Start of Block

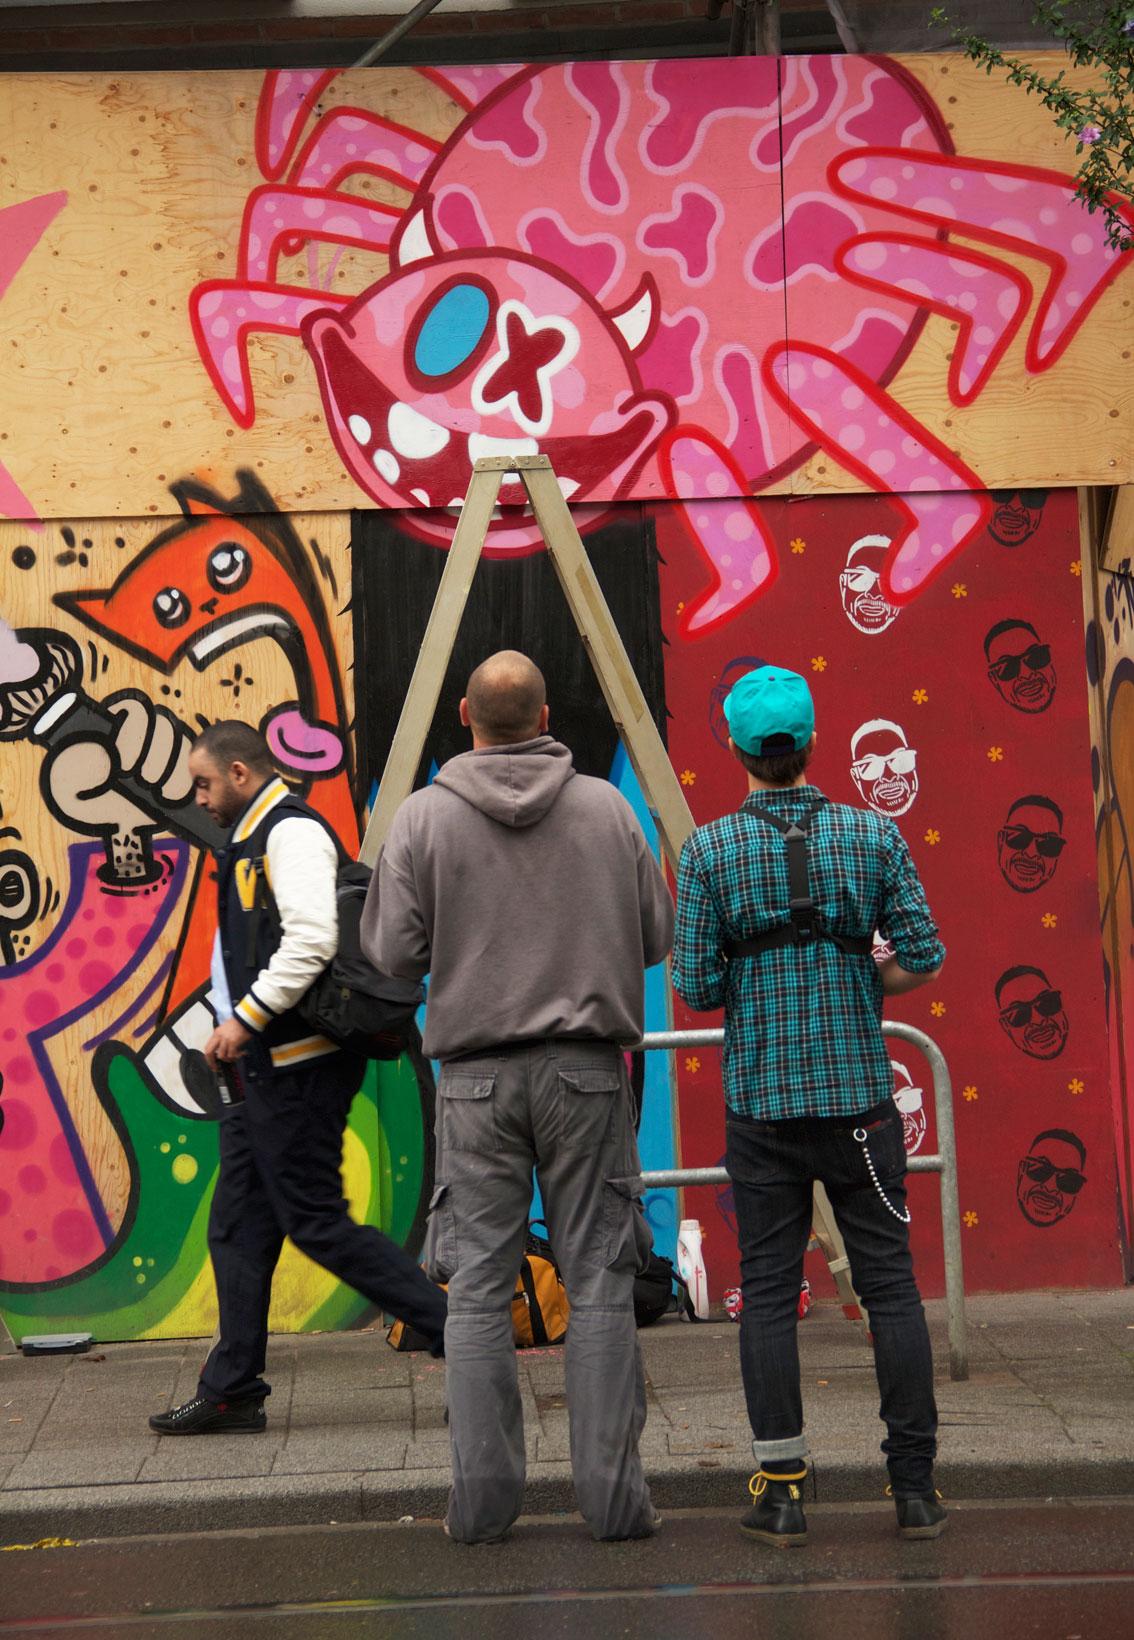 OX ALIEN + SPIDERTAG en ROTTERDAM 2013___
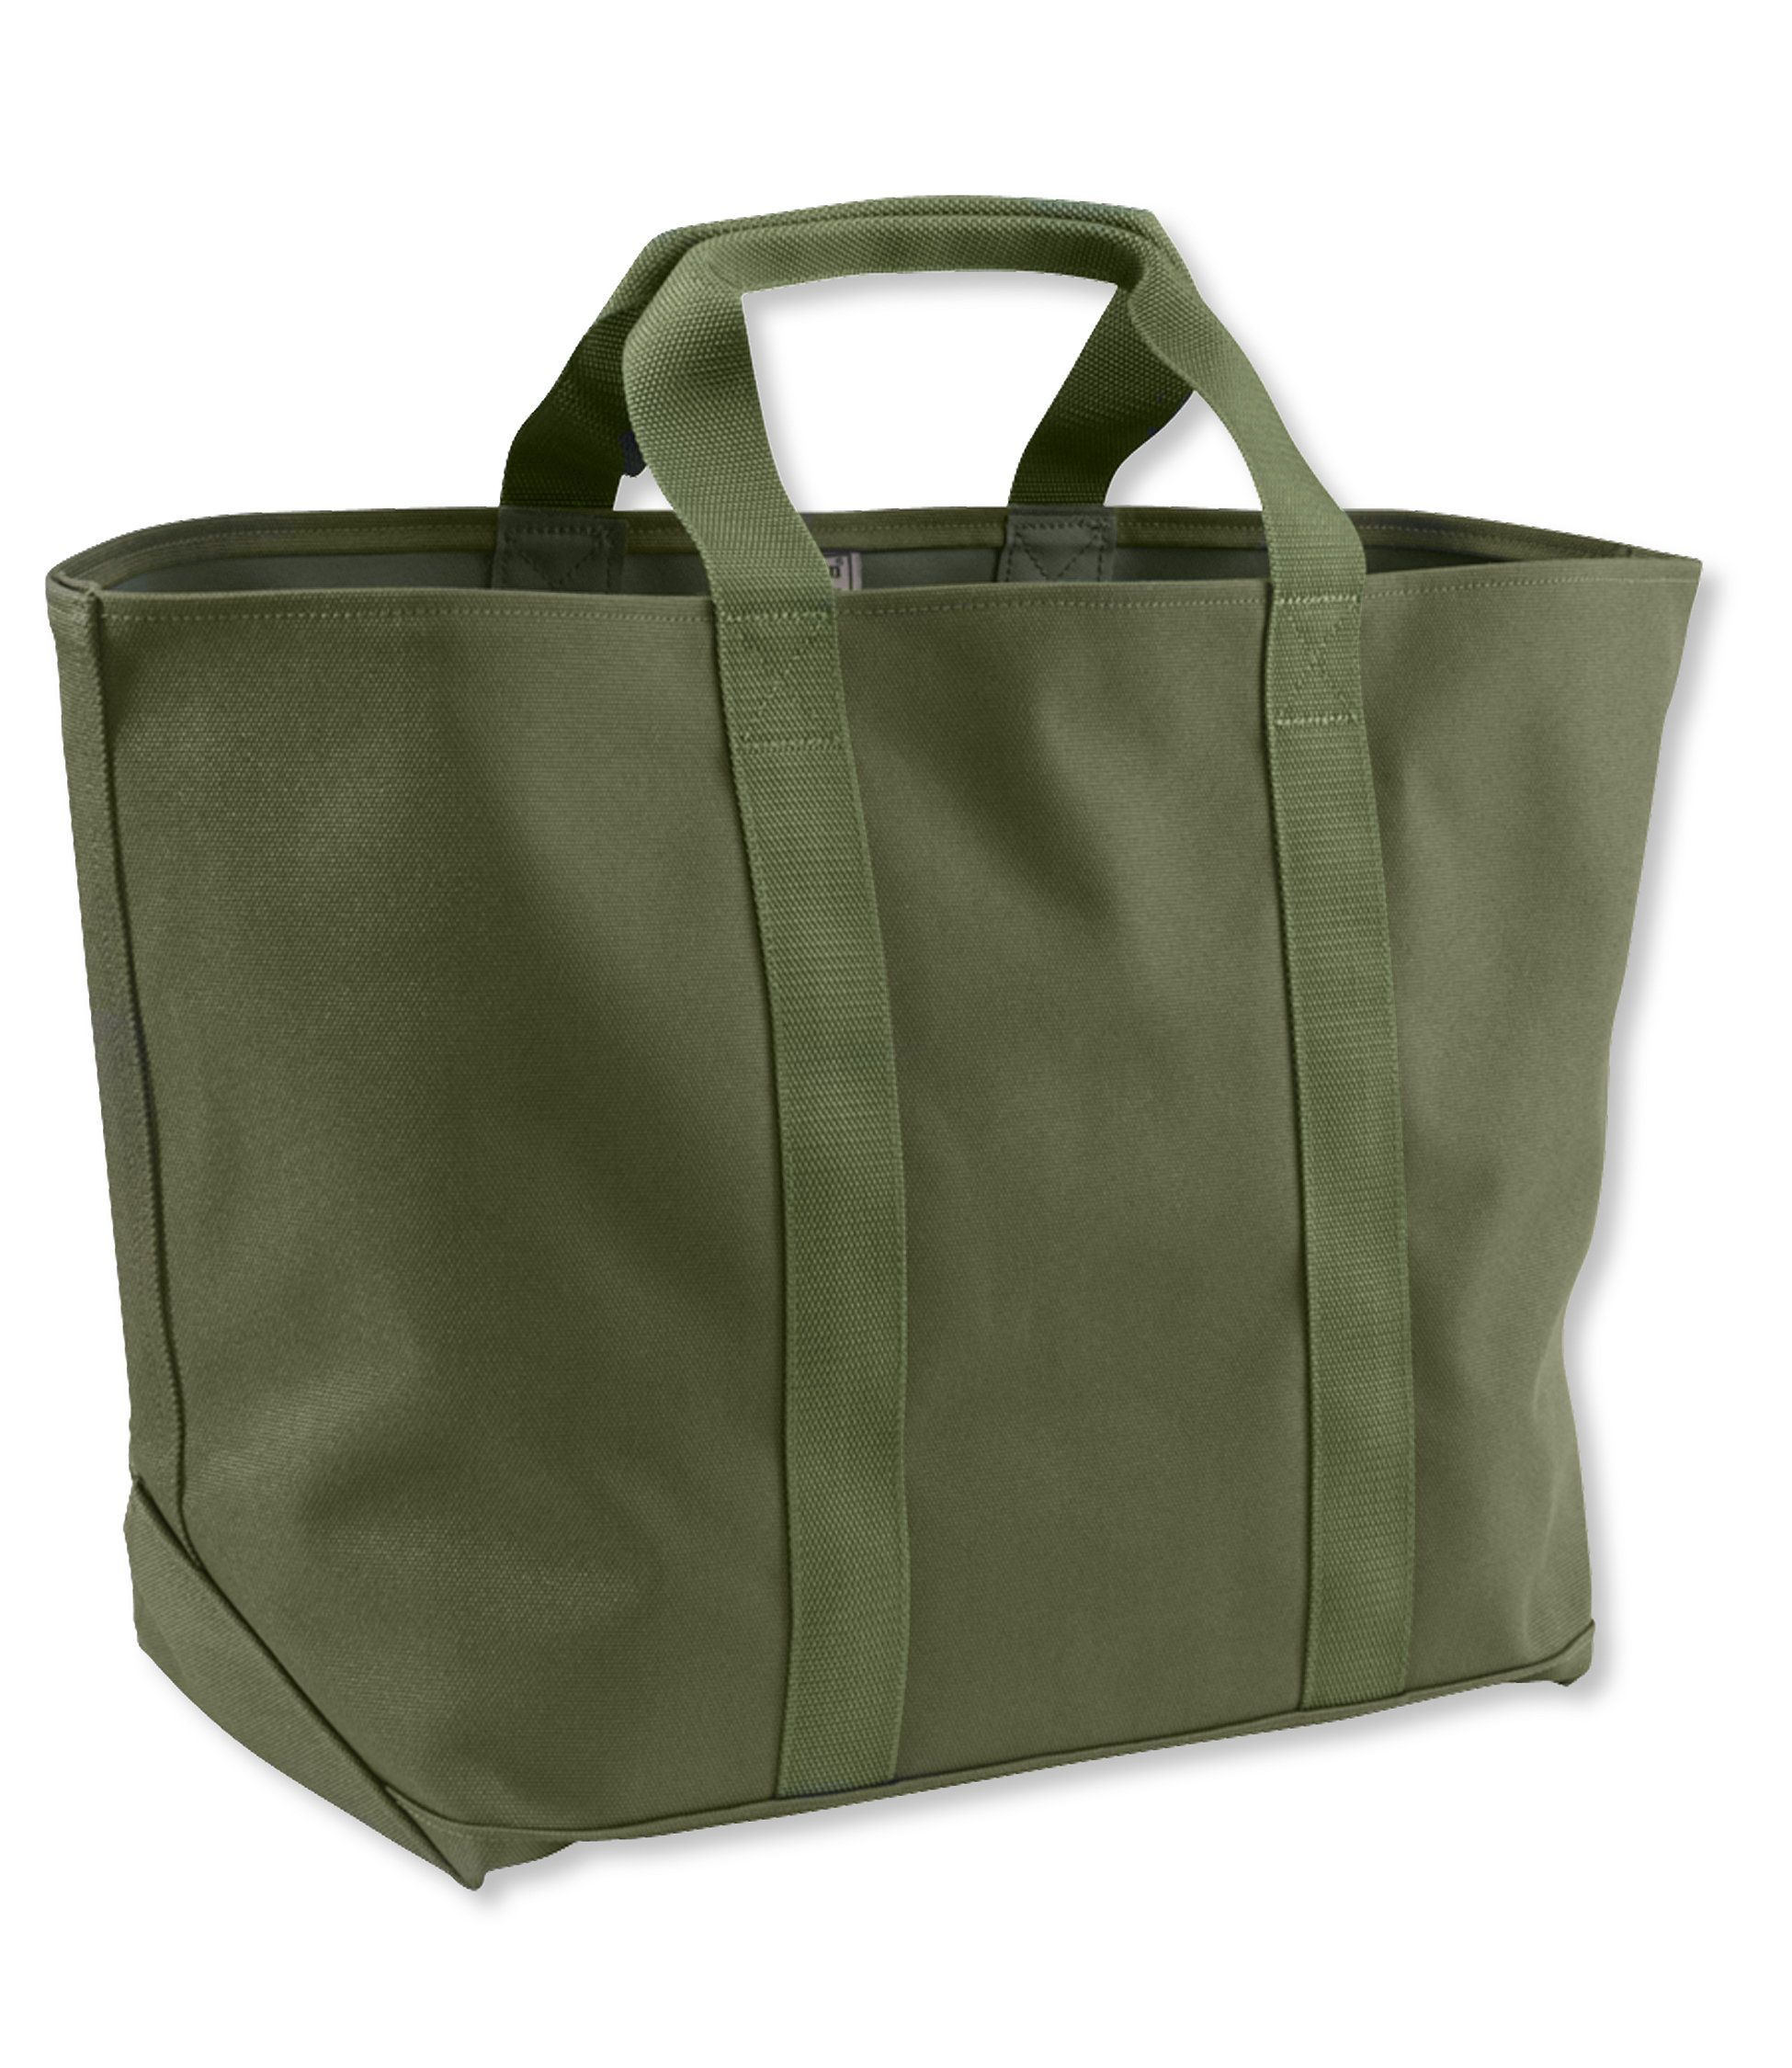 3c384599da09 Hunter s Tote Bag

End of Block
Start of Block

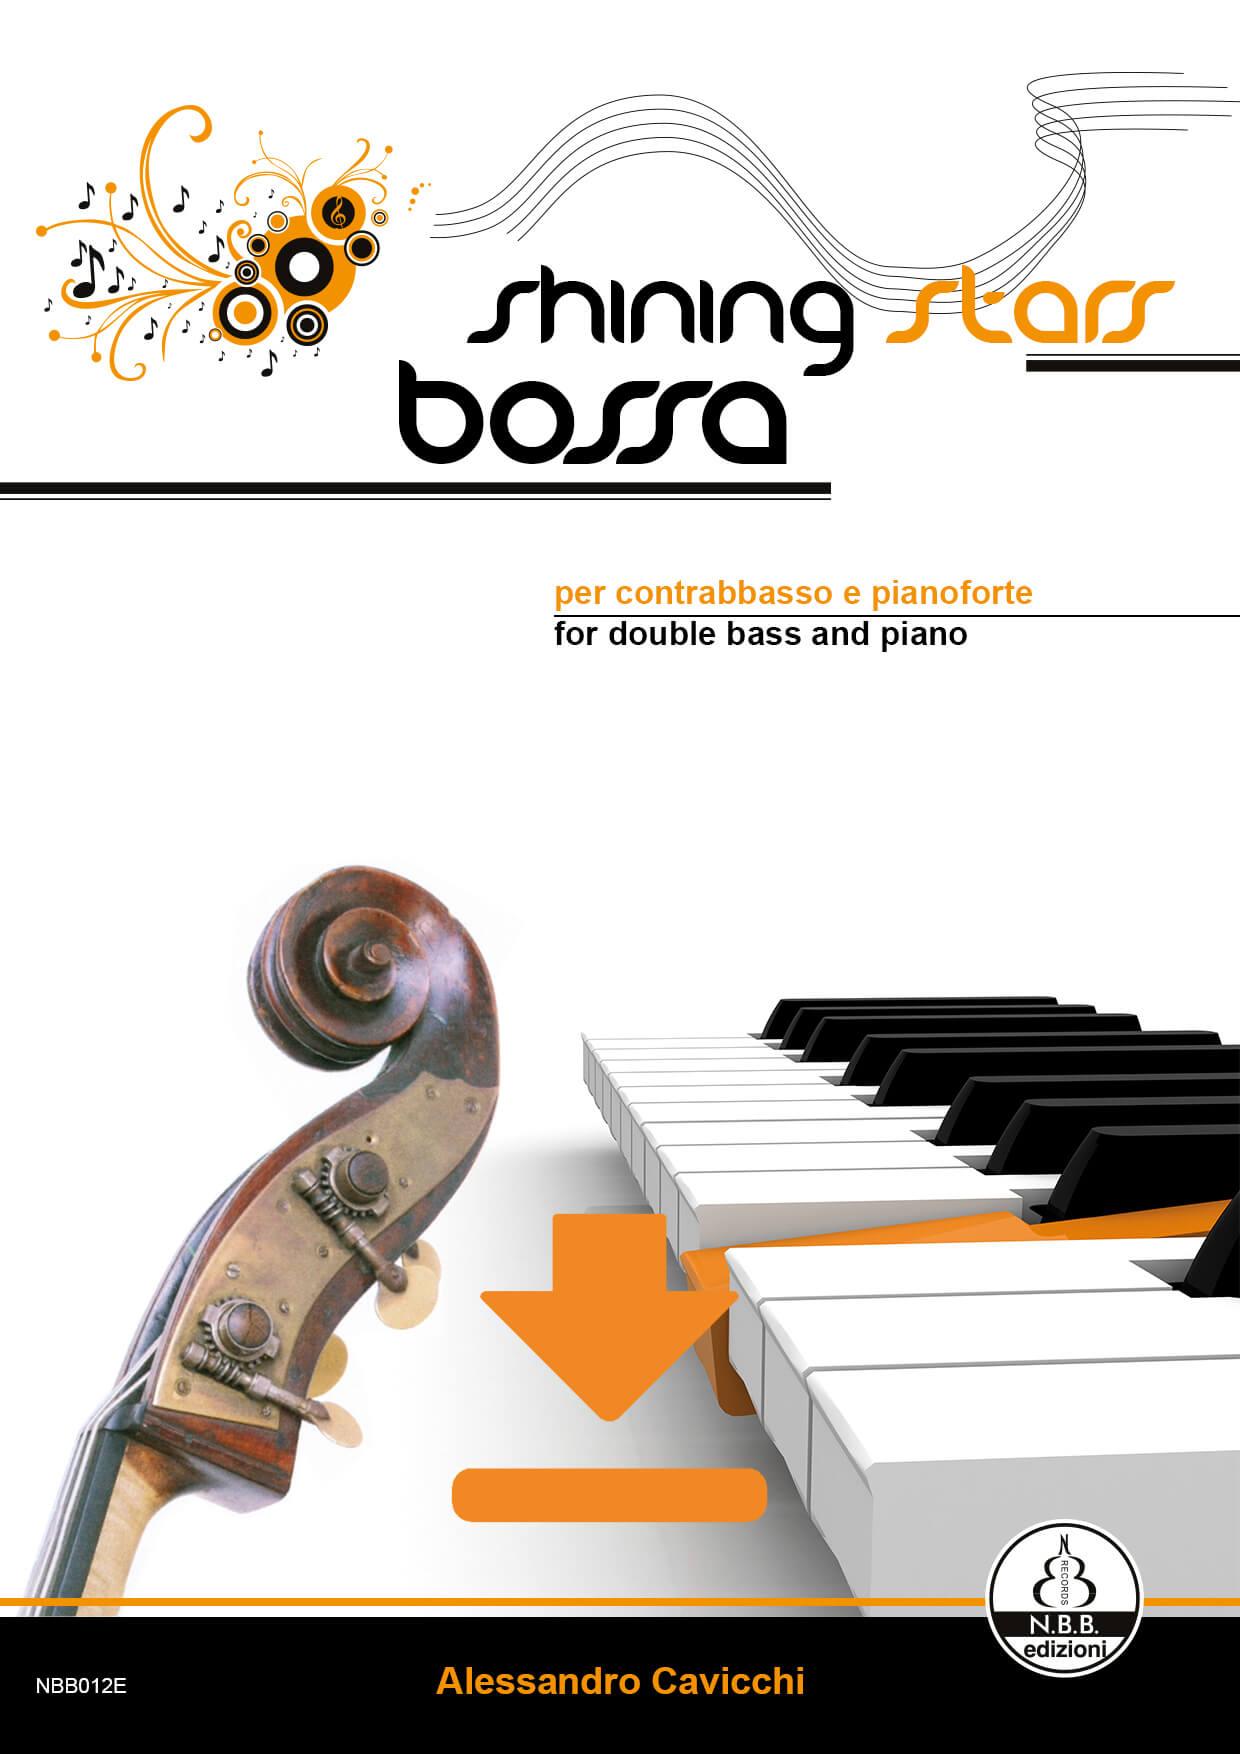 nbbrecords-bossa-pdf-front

End of Block

> **Your objective**
In the material above, which lines fall between the one holding "OX ALIEN + SPIDERTAG en ROTTERDAM 2013___" and the one holding "3c384599da09 Hunter s Tote Bag", inclusive? Print exactly those, with the pictures left out.

> **Solution for this task**
 OX ALIEN + SPIDERTAG en ROTTERDAM 2013___
 3c384599da09 Hunter s Tote Bag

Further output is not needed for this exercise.